You should remember Fred Rouse today
He was lynched 102 years ago.
Last year, I joined a ceremony to celebrate the life of Fred Rouse, a local black man who was lynched by a white mob on December 11, 1921. The gathering, organized by the Tarrant County Coalition for Peace and Justice, was well-attended. Many, including Fort Worth City Council members and a representative from a local congressman’s office, spoke about the need to remember and learn from racist violence of the past.
But it was Rouse’s grandson, Fred Rouse III, who spoke most eloquently. He talked to the crowd about the tree from which his grandfather was hanged, the tree of systemic racism, and its bitter fruit:
I want to tell America: You may have taken the rope off our necks but the tree is still standing.
When I talk about the tree, I'm talking about the tree of systemic racism that has taken root in this country and all over the world. I'm talking about the tree that has beared the fruits of injustice and bigotry throughout America.
We can't even sit in our own car and eat McDonald's without someone opening the car door and shooting us into the car. Remember Erik Cantu.

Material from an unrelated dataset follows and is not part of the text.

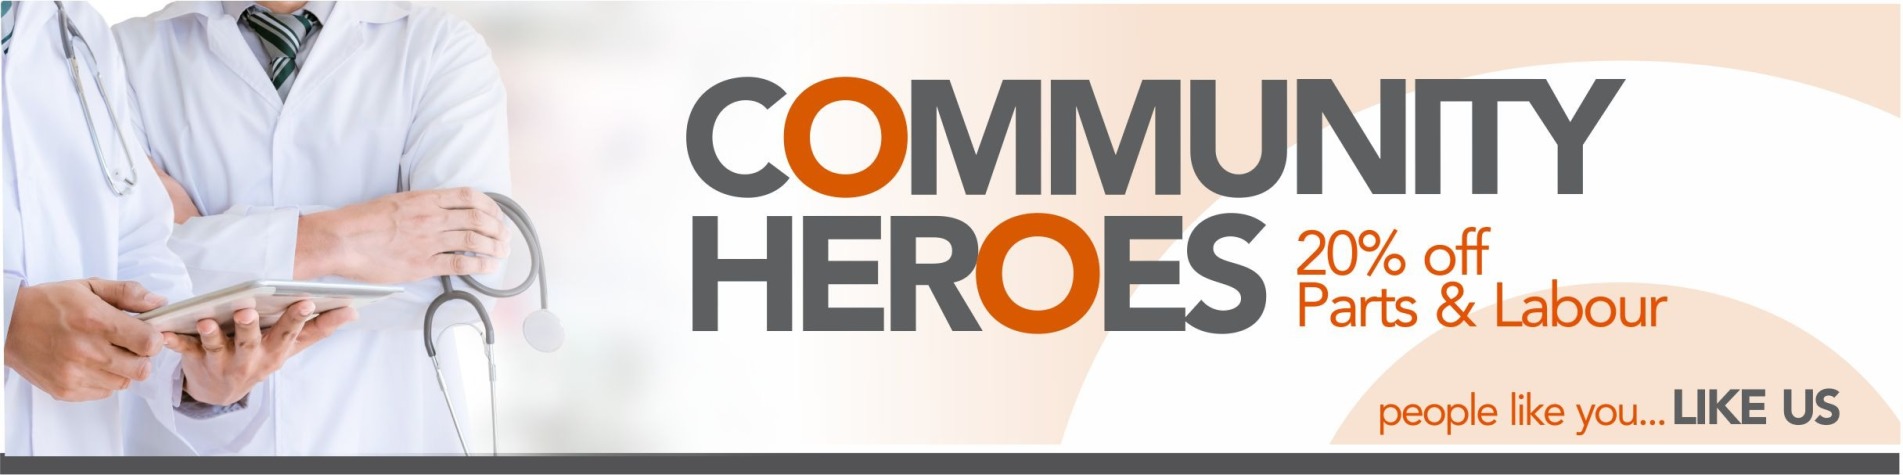 20% Off for Community Heroes

The tree is still standing.
We can't even be unarmed at a gas station without someone walking up to us and shooting us four times for no reason. Remember Jonathan Price.
The tree is still standing.
We have to wait almost three years for a trial to begin when someone shoots us through a window at our own home. Remember Atatiana Jefferson.
The tree is still standing.
I don’t have any deep historical insight to offer today. There’s a lot that could be said about how this past injustice isn’t really past and how most of Fort Worth has yet to even learn about Fred Rouse, much less engage meaningfully with the city’s legacy of racist violence. But I mostly just didn’t want to let this day — the 102nd anniversary of his killing — pass without comment.
If you’ve never done so, you should visit the memorial site for yourself, which sits at the corner of Northeast 12th Street and Samuels Avenue. Here’s the text of the historical marker, which is worth reading in full:
On December 11, 1921, Mr. Fred Rouse, a Black citizen, husband, father, and non-union butcher at Swift & Co. meatpacking, was lynched at this site by a white mob. Five days prior, he was beaten on Exchange Avenue in the Stockyards by a mob of meatpackers from a whites-only union who were picketing Swift & Co. After stabbing, then bludgeoning him with a nearby streetcar guardrail, the mob believed that they had murdered Mr. Rouse. Niles City police officers asked the agitated mob to relinquish Mr. Rouse’s body to them. They placed his body in the back of a police car, and after realizing that he was alive, drove him to the City & County Hospital Negro Ward at E. 4th and Jones Streets. At 11 pm on December 11, another white mob abducted Mr. Rouse from the hospital and drove him down Samuels Avenue to this site. Twenty minutes later, he was hanged from a hackberry tree and his body was riddled with bullets. A bloody pistol was found under his feet. During this era, Black workers like Mr. Rouse were regularly excluded from union membership, denied worker protections, and often faced hostile contempt and lethal violence from white workers seeking to maintain economic control. Three white men were charged in the murder of Mr. Rouse, including the acting Niles City police chief and another officer. All were acquitted. No one has ever been held accountable. Memorializing Mr. Fred Rouse reminds us to remain vigilant in pursuit of racial justice.
I was hoping there would be another ceremony or some other public acknowledgement of Fred Rouse’s lynching in 2023. As far as I can tell, there hasn’t been and won’t be. I emailed the Tarrant County Coalition for Peace and Justice last week to ask whether they were planning any such event, but never heard back. The Transform 1012 N. Main Street project, which is working to rehabilitate the North Side’s decrepit former Ku Klux Klan hall into a community center that bears Fred Rouse’s name, also doesn’t seem to have planned anything and hasn’t posted publicly about the anniversary of his death.
There is still, as far as I know, an ongoing plan to develop the site of Rouse’s lynching and turn it into a park. If you visit the historical marker now, you’ll also see a sign with plans for the park, a design based on the community’s input, though there are no indications that work has started yet. (Here’s a link to a rendering of what the park might look like when finished.)
I don’t think Fred Rouse is in danger of being forgotten, but if Fort Worth is ever going to move forward, we’ll need to keep talking about him. We’ve got a long way to go before we manage to achieve anything substantial like, say, a program of reparations for wrongs done to the black community or a sustained public investment in 76104, which still has the lowest life expectancy of any ZIP code in Texas.
Rouse’s grandson said last year that the tree is still standing and, when it comes to Fort Worth, I see no reason to disbelieve him.